RVD, Renovascular disease.

Complications 

A significant complication, a femoral pseudoaneurysm that required thrombin injection, occurred in one patient (3%). No complications specifically related to use of the DEP device were observed.

Renal function response at 4 to 6 weeks 

Pre- and postoperative serum creatinine and eGFR data are summarized in Table III. A significant decrease in the serum creatinine value and a significant increase in eGFR were observed. Renal function response at the 4- to 6-week follow-up was defined as improved in 13 patients (50%) and after 17 RA-PTAS procedures (53%), and unchanged in 13 patients (50%) and after 15 RA-PTAS procedures (47%). In no patient or after any procedure was renal function observed to be worsened. Among seven restenotic lesions treated with DEP, four demonstrated improved renal function after RA-PTAS. All 13 patients with renal function improvement post-RA-PTAS demonstrated moderate-to-severe preoperative renal insufficiency. In total, 13 (54%) of 24 patients with preoperative renal insufficiency demonstrated improved renal function after RA-PTAS using DEP.

Table III. Renal function and blood pressure responses after 32 renal artery angioplasty or stenting procedures performed with distal embolic protection

	Pre-op value	Post-op value	Difference	P
Renal function
Serum creatinine (mg/dL)	1.9±0.1	1.6±0.1	−0.3	<.001
eGFR (mL/min/1.73 m2)	37±3	43±3	6.6	<.001
Blood pressure
SBP (mm Hg)	175±23	159±25	−15	.004
DBP (mm Hg)	81±12	75±11	−5.1	.018
Antihypertensive medications (n)	3.4±0.2	3.1±0.2	−0.3	.045

eGFR, Estimated glomerular filtration rate; SBP, systolic blood pressure; DBP, diastolic blood pressure.

Blood pressure response at 4 to 6 weeks 

Pre- and postoperative blood pressure and antihypertensive medication use data are summarized in Table III. Significant decreases in SBP, DBP, and in the number of antihypertensive medications were observed.
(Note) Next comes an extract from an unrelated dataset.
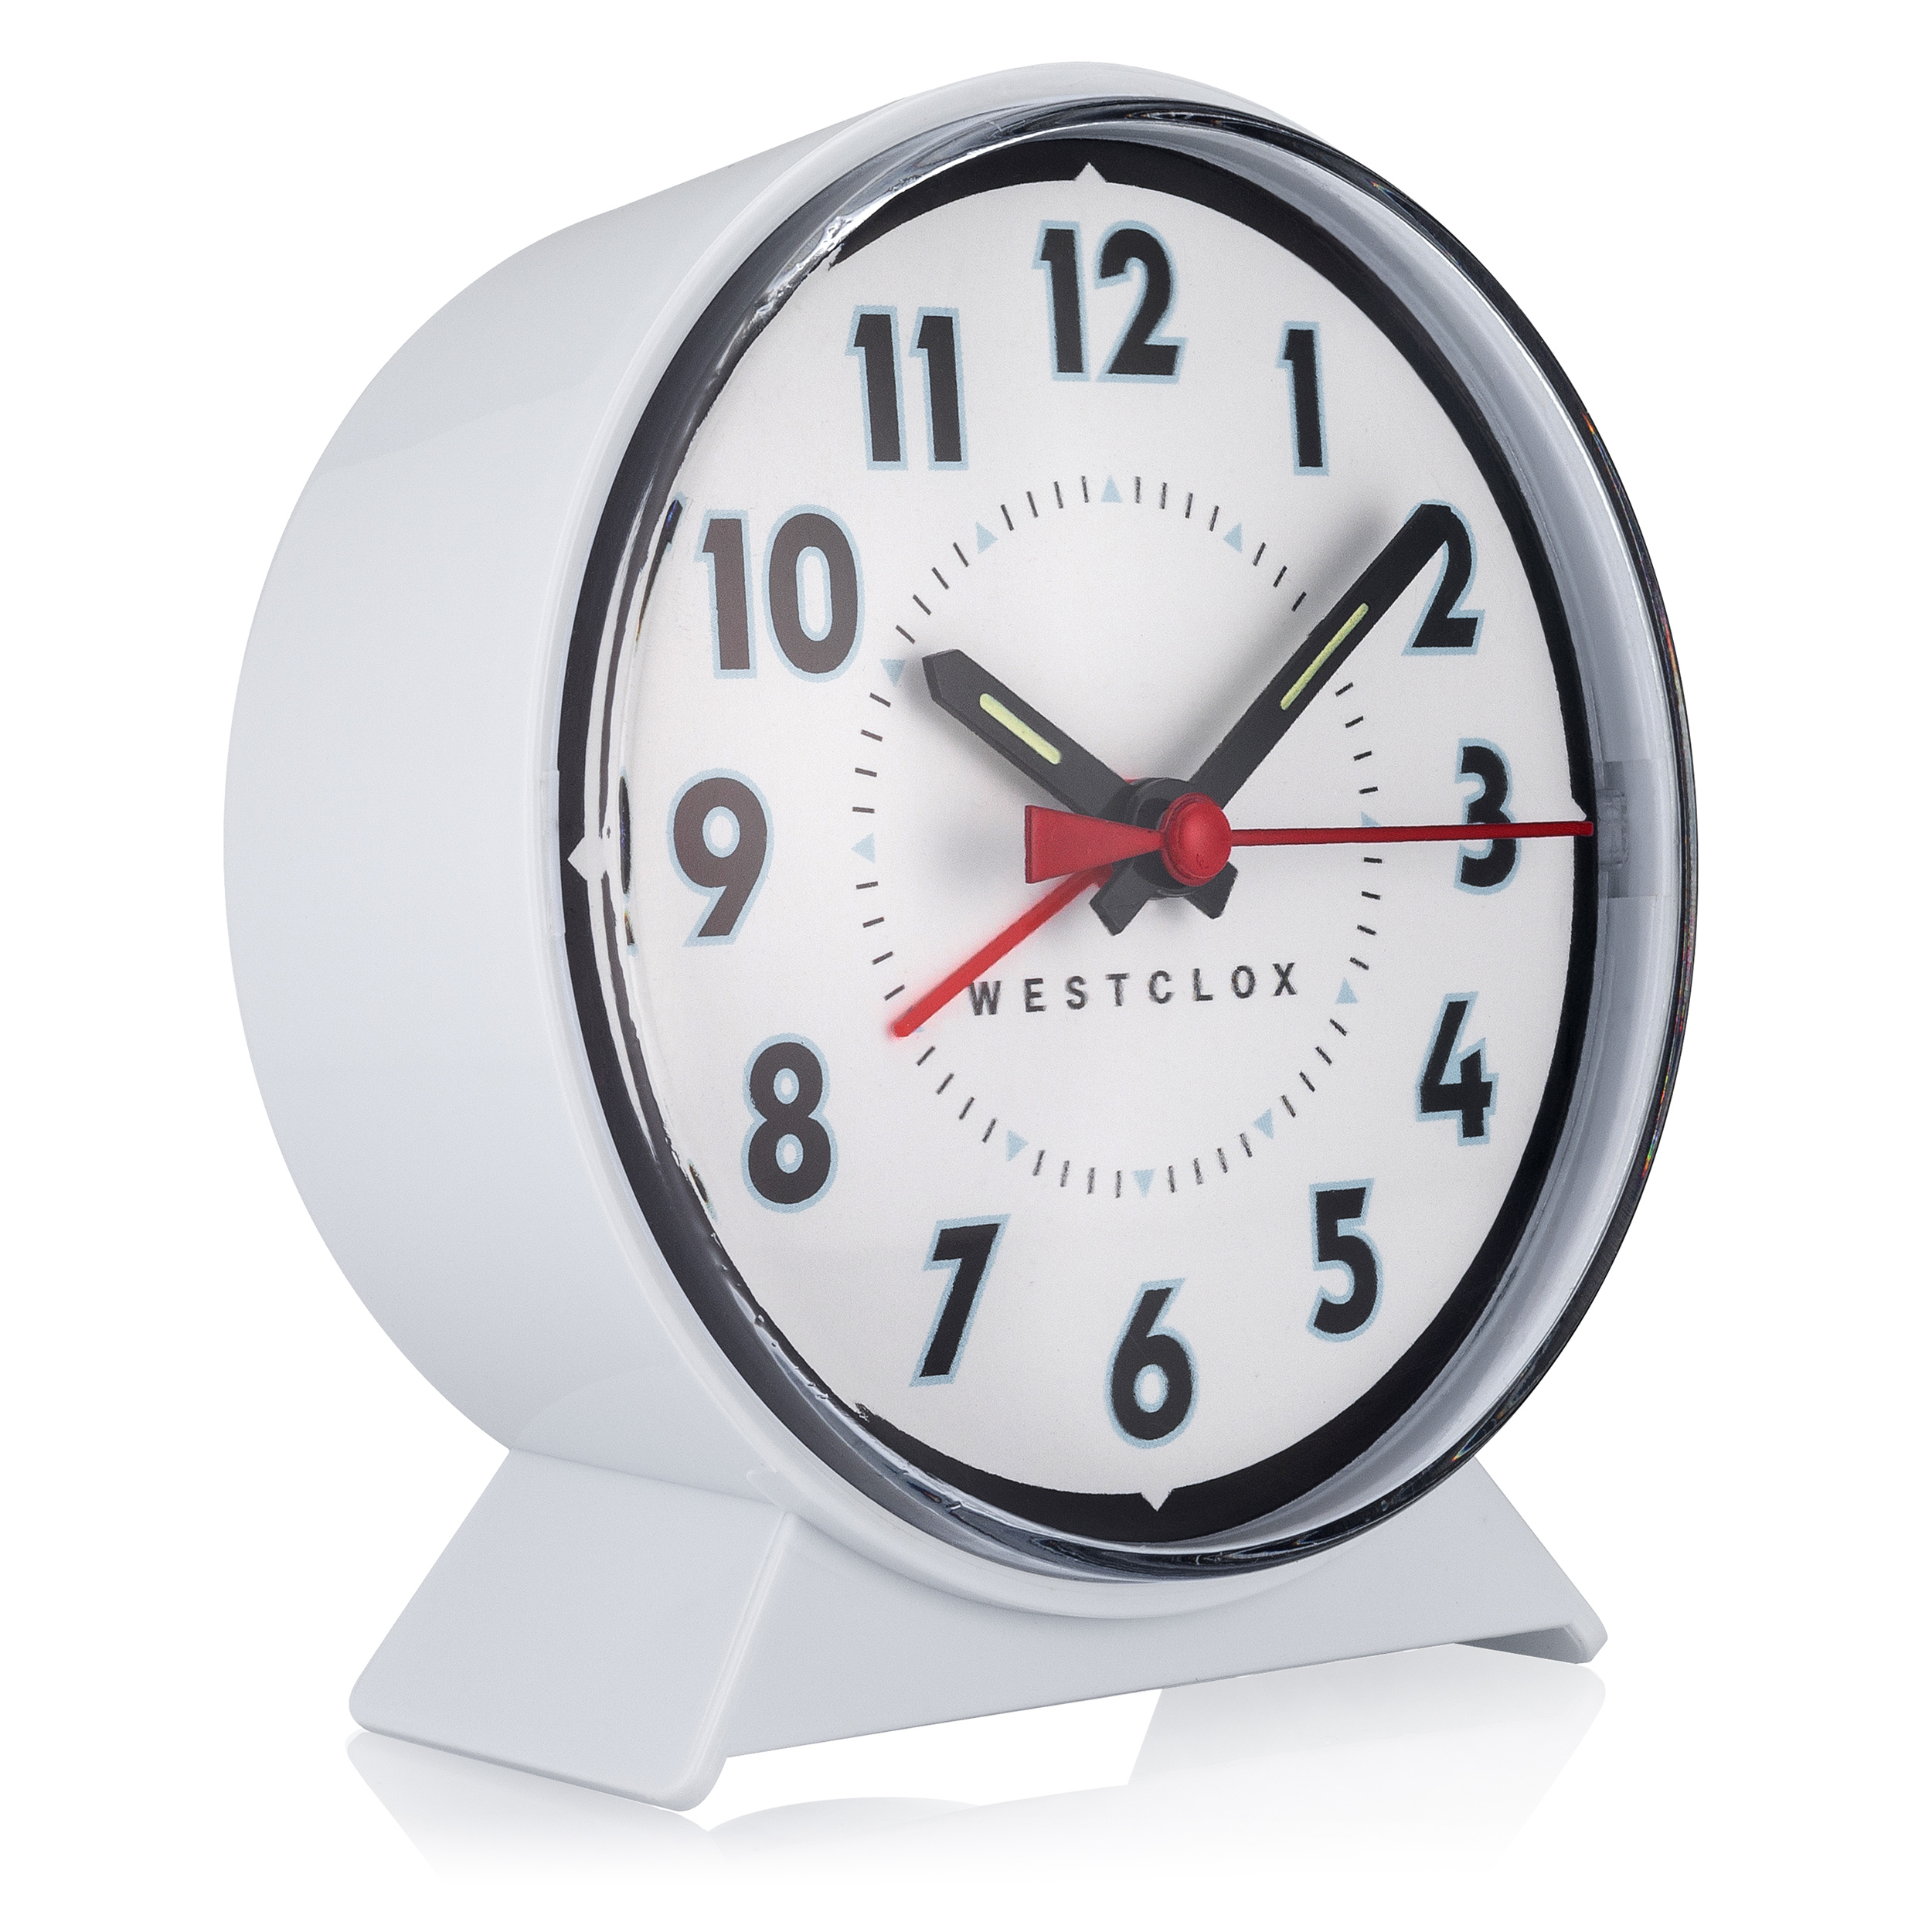 Westclox Retro Style Analog Mechanical Keywound Bedside or Desk Alarm Clock - White Dial - image 1 of 4

At the 4- to 6-week follow-up, blood pressure cure was observed in no patients (0%), improvement in nine (35%), and no change in 17 (65%).

Renal artery patency 

Mean follow-up was 25.4 weeks. No renal artery occlusions were observed during follow-up. At 6 months, estimated primary and primary assisted renal artery patencies were 100%. Seven cases of restenosis were observed in six patients, with a mean time to detection of 17 weeks. Four of the restenotic lesions were confirmed angiographically with repeat treatment (three with repeat RA-PTAS and one with bypass). Mean renal artery and initial stent size in these cases were 5.5 mm (range, 4.3 mm to 7.1 mm) and 5.2 mm (range, 4 mm to 6 mm), respectively. Estimated 6-month freedom from restenosis was 71% (Fig 4). All cases involved in-stent restenosis, and in no case was the restenotic lesion observed in the distal main renal artery at the site of DEP balloon inflation.

• 
  • View Large Image
  • Download to PowerPoint

• Fig 4. 

  Estimated freedom from restenosis during follow-up.
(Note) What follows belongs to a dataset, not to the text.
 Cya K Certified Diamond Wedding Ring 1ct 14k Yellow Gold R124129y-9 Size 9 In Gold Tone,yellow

Follow-up renal function response 

Among those patients with improved renal function post-RA-PTAS, four (31%) had deterioration of renal function response to baseline or beyond observed during follow-up. Three of these patients had renal artery restenosis, the fourth had severe proteinuria and suspected intrinsic renal parenchymal disease. Two patients with restenosis and loss of beneficial renal function response achieved repeat improvement of renal function after additional RA-PTAS. The third patient refused further RA-PTAS.

Back to Article Outline

Discussion 

This investigation examined a single center experience with RA-PTAS using a temporary balloon occlusion and aspiration DEP system, with the goal of decreasing or eliminating procedural related atheroembolization and maximizing beneficial renal function responses. At the 4- to 6-week follow-up, a significant decrease in serum creatinine values and an increase in eGFR were observed for the study group as a whole. Most of the patients with preoperative renal insufficiency demonstrated a ≥20% increase in eGFR, and no patient exhibited a short-term deterioration in renal function.
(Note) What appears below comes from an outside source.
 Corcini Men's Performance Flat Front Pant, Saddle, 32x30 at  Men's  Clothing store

These results represent a marked improvement in short-term renal function response rates after percutaneous renal artery revascularization compared with previously published experiences and approximate the short-term results reported after open surgical revascularization. These data are intriguing, especially when considered in context of the population disease burden, changes in treatment patterns, and renal function effects associated with RVD.

We hypothesize that the renal function effects of RA-PTAS are strongly affected by atheroembolization that may occur at the time of procedure. Such atheroembolization may limit functional recovery in patients with renal insufficiency or lead to diminished function in individuals regardless of preoperative renal function. This hypothesis was initially tested using an ex vivo preparation of aortorenal endarterectomy specimens treated with RA-PTAS.¹⁴ Thousands of liberated particles were observed, with an inverse relationship between particle size and number.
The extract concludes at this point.